Source data –
■ ■ ■ ■

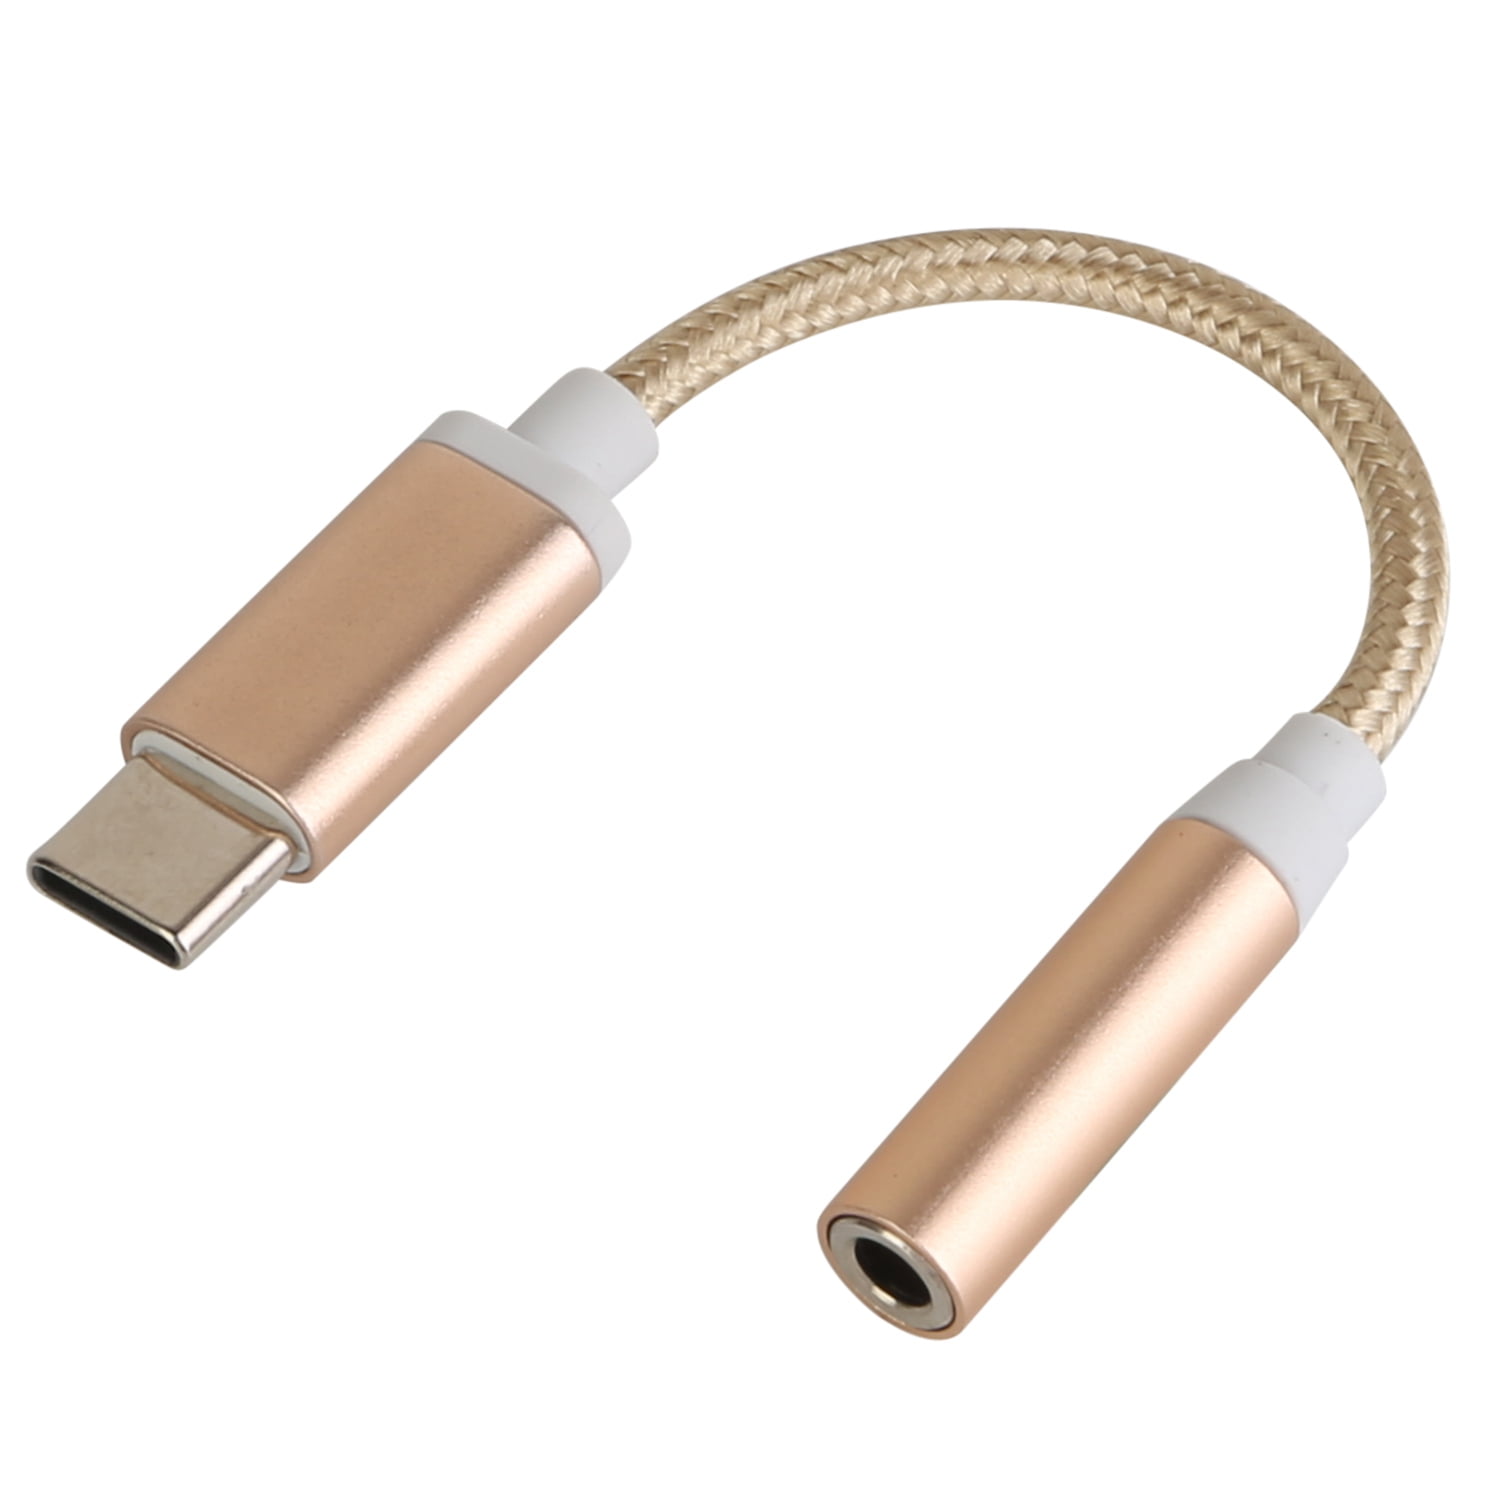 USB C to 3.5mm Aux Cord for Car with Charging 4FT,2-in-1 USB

■ ■ ■ ■

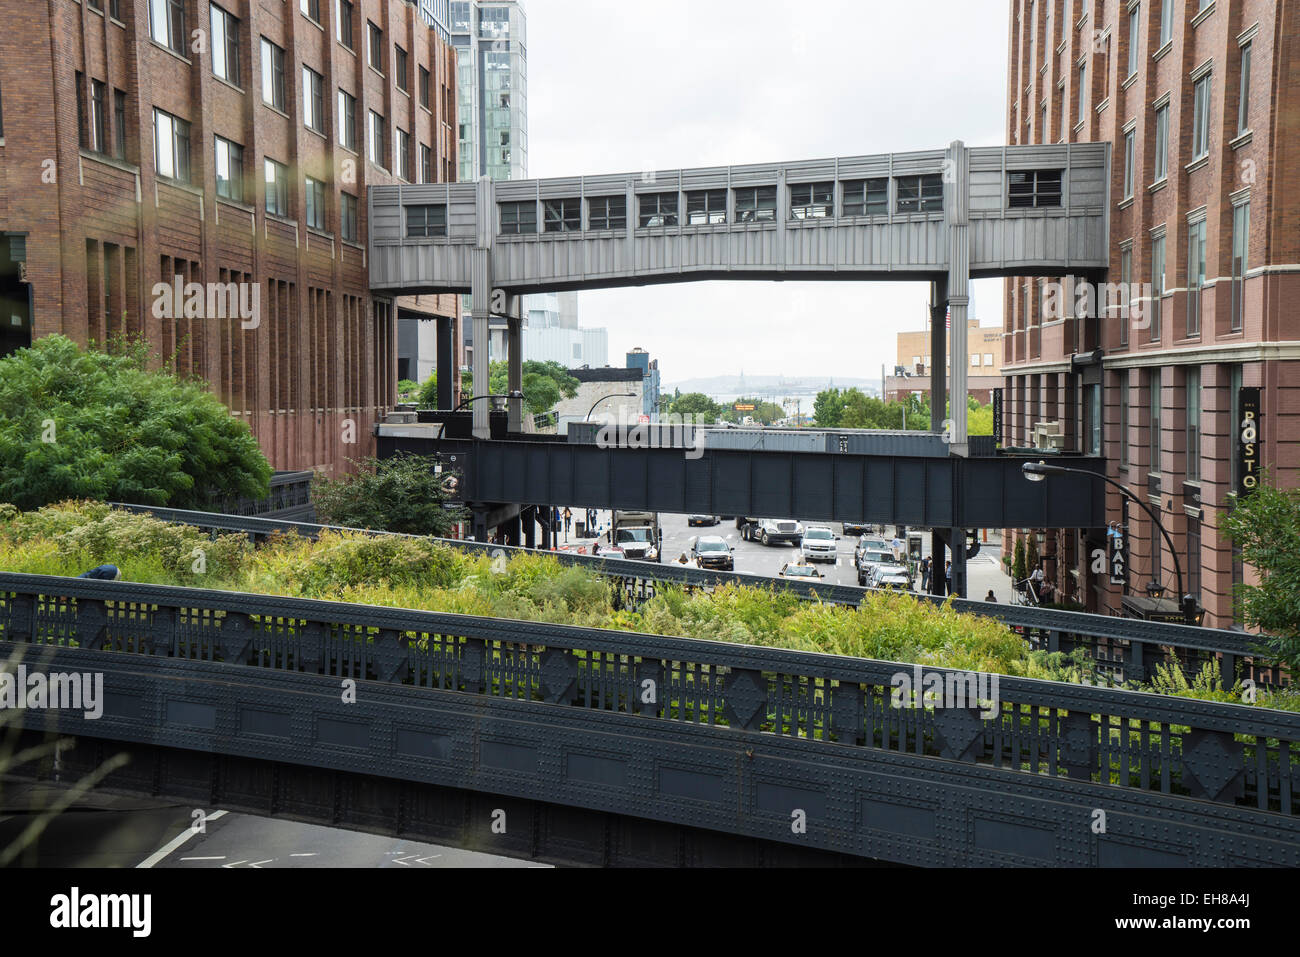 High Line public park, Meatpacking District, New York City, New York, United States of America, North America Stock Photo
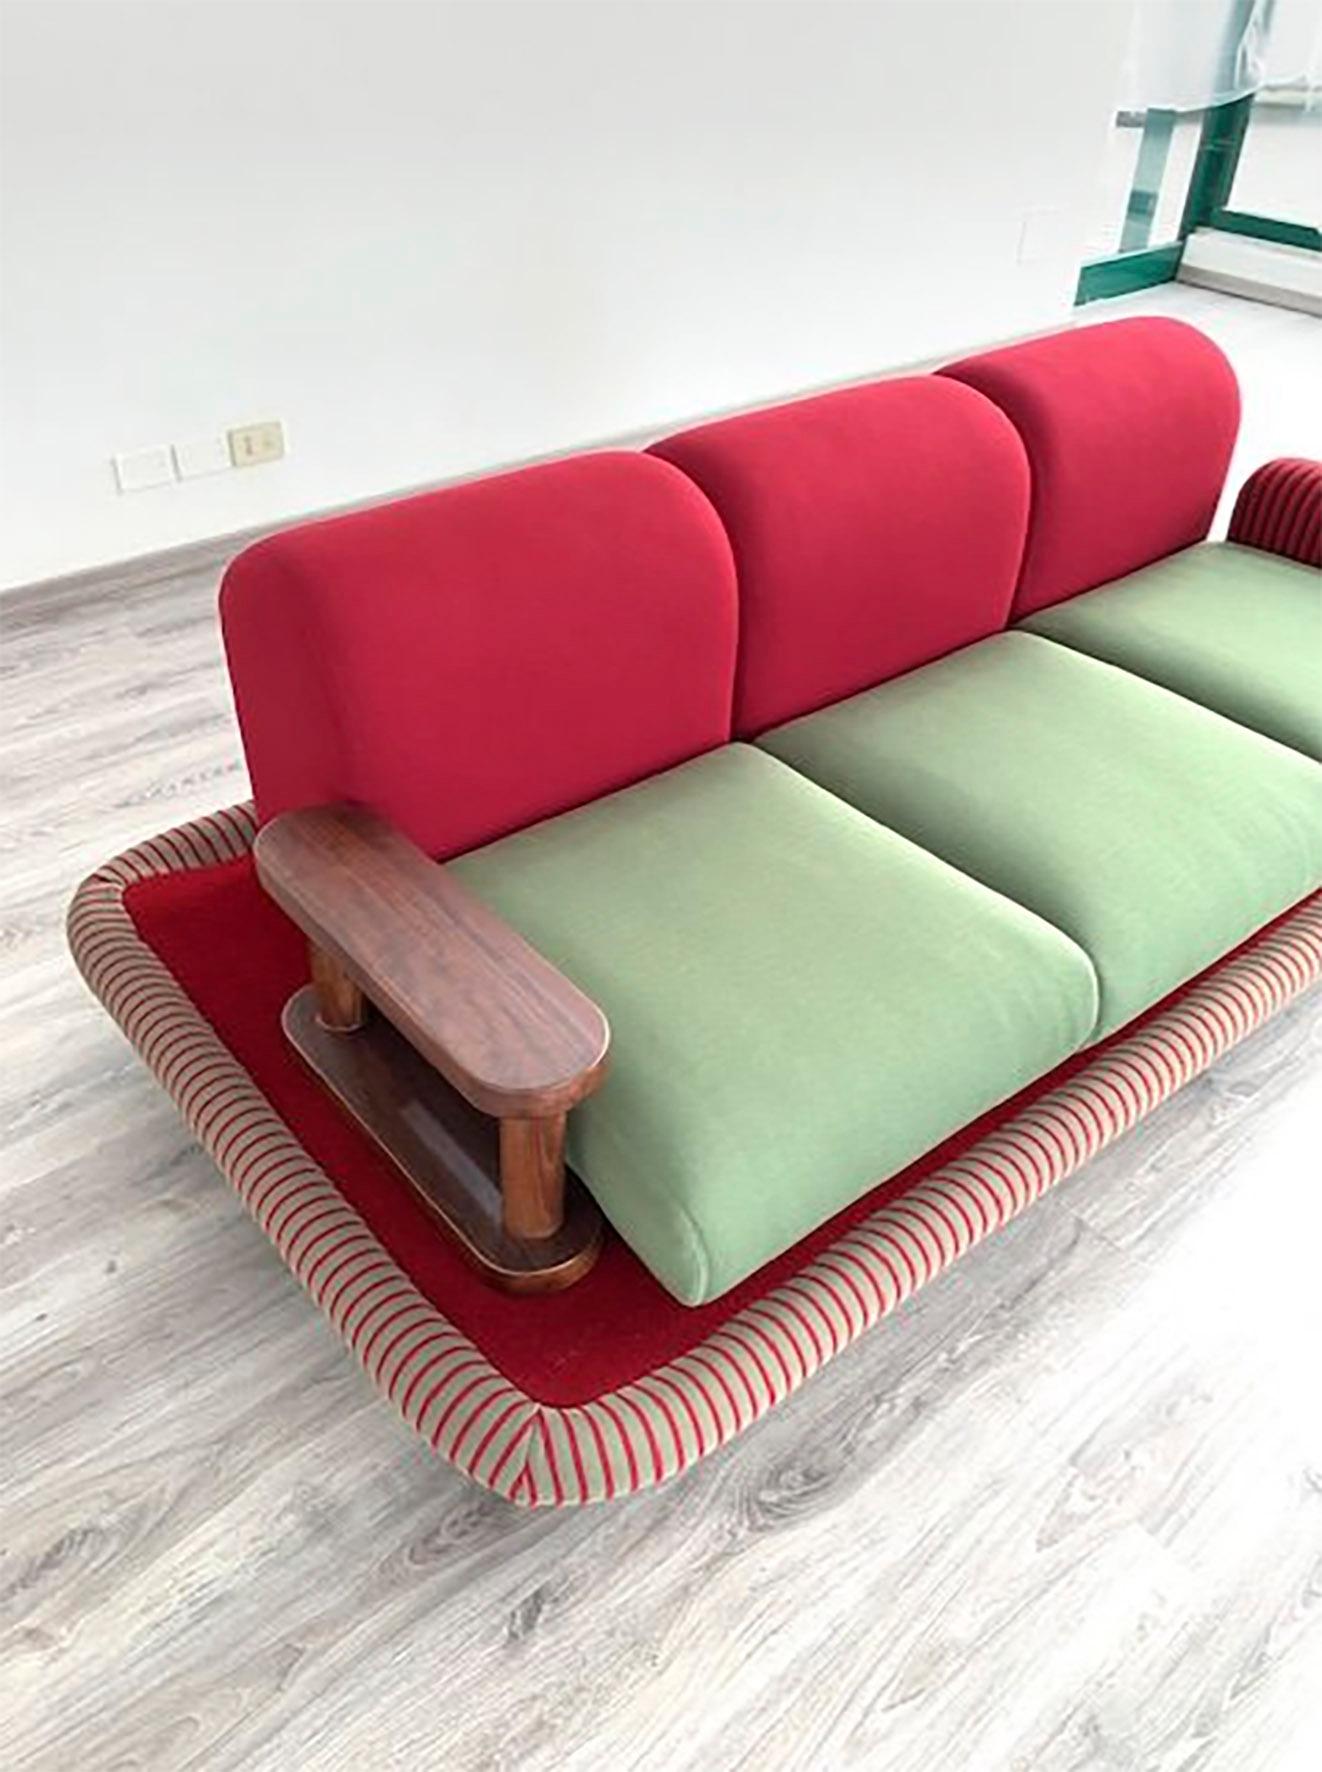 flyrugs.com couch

■ ■ ■ ■

Work to complete – Above are some entries; copy exactly the lines from the line with "High Line public" through the line with "flyrugs.com couch", both included, but none of the pictures.

Answer –
 High Line public park, Meatpacking District, New York City, New York, United States of America, North America Stock Photo
 flyrugs.com couch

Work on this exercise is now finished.